El mayordomo soltó un gruñido de desprecio.

Incómodo, miraba a las pocas personas con las que nos cruzábamos, y después a mis compañeros; temía que alguien se fijara en el desprecio que se reflejaba en el rostro del mayordomo. Sin embargo, no había de qué preocuparse, porque después de pasar un día en los pantanos no teníamos el aspecto de conquistadores del mundo sino de un trío de pobres campesinos.

– Supongo que el mercado estará cerca del recinto sagrado-dijo el mayordomo-, así que iremos hacia aquella pirámide.

Señaló la construcción más alta de Tlacopan, que ahora se levantaba más allá de los árboles que teníamos delante. No tardaríamos mucho en encontrarnos a la sombra.

– ¿Qué haremos después? -preguntó Manitas.
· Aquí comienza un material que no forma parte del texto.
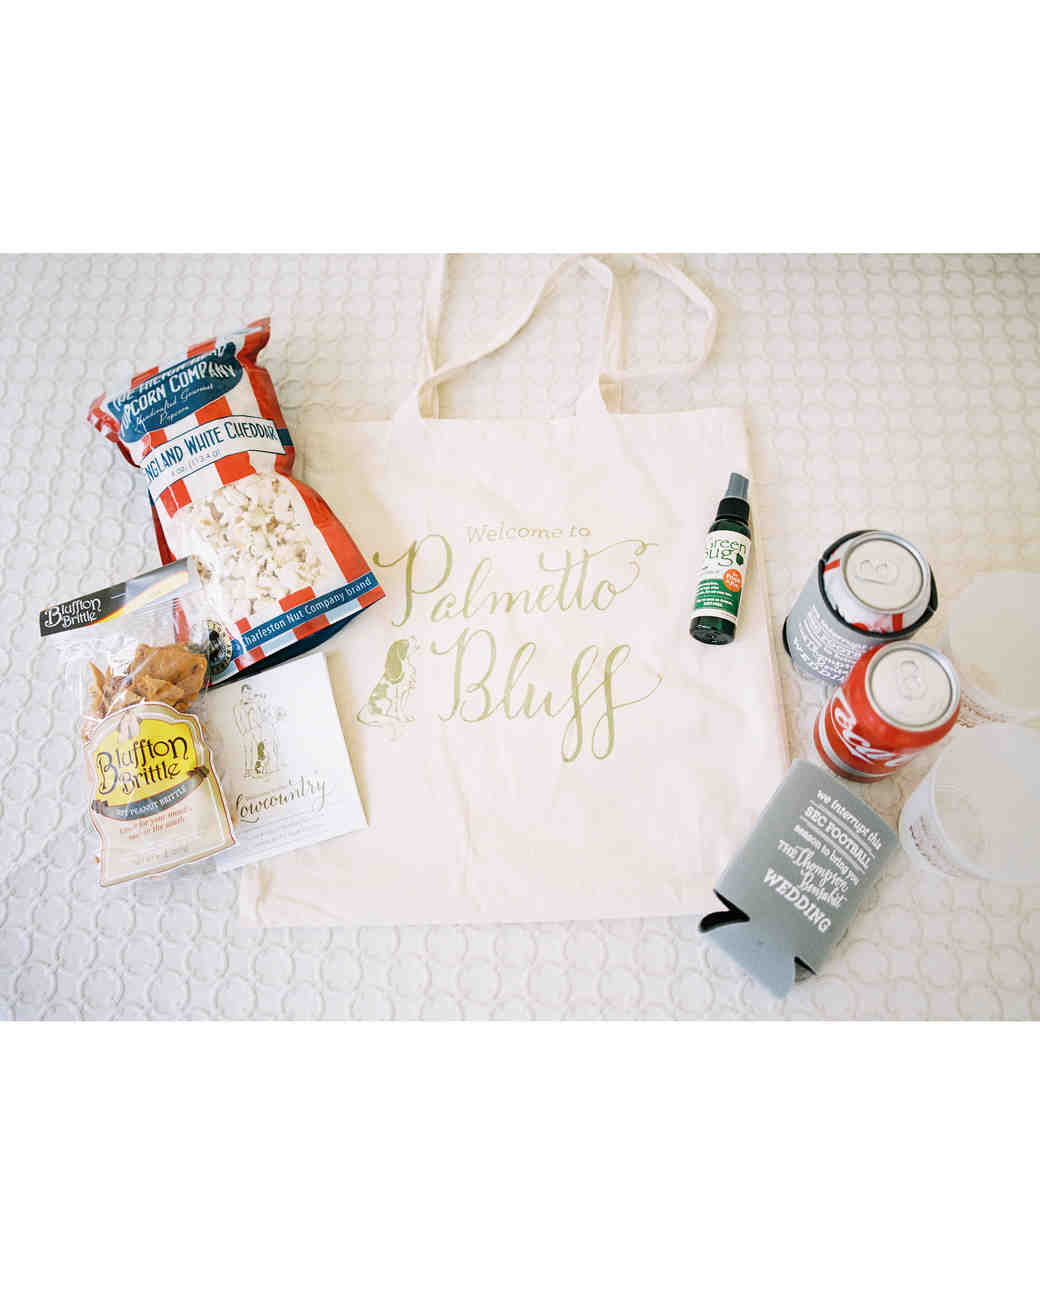 taylor-john-wedding-welcome-bag-11-s113035-0616.jpg

– Lo que nos dijeron, por supuesto; hacer algunas preguntas, averiguar si han visto a un hombre acompañado por un chico. ¡No nos vendría mal encontrarlos antes de que lo hagan los otomíes!

Manitas me interrogó con la mirada. Se la devolví, impasible. Por lo que yo sabía, mi hijo nunca había estado en Tlacopan. Si el mayordomo quería perder el tiempo buscándolo aquí, a mí ya me iba bien.

– Pues en ese caso, vamos allí-dije-. ¡Quizá en el camino encontraremos a la vieja y sus deliciosas tortillas!

A medida que nos acercábamos la pirámide nos parecía cada vez más impresionante. No tardamos mucho en verla entre las ramas de los árboles que nos rodeaban, como una enorme sombra que ocupaba la mitad del cielo y ocultaba el sol.

– Ya casi estamos -comentó Manitas, sin dirigirse a nadie en particular-. Por cierto, ¿dónde está el palacio? ¿No tendría que estar frente al recinto sagrado?

– Lo tienes delante de las narices -respondí-. Aquí no construyen con la escala a la que estamos acostumbrados.

Delante de nosotros había un murete y más allá un edificio. Era una casa como la de cualquier familia pudiente de Tenochtitlan o Tlatelolco, una construcción de una sola planta con el techo de paja plano. Ocupaba más terreno que las habituales casas mexicanas, pero a nuestros ojos carecía de detalles que la distinguieran. Desde detrás de las paredes nos llegaban los sonidos de la vida doméstica: las voces de las mujeres, las risas de los niños, el ruido machacón de los telares.

– ¿Qué esperabais? -pregunté, mientras Manitas y el mayordomo miraban la casa desconcertados-. Nos quedamos con el botín de guerra y su rey solo recibe lo que Moctezuma desecha. Tlacopan tendría que recibir un quinto de lo que recauda el imperio, pero estoy seguro de que si miráis en los almacenes veréis que solo están llenos hasta la mitad.

– Así que es probable que no nos tengan mucho aprecio -murmuró el mayordomo-. ¿Y qué? ¿Quién nos aprecia? ¿Dónde está el mercado?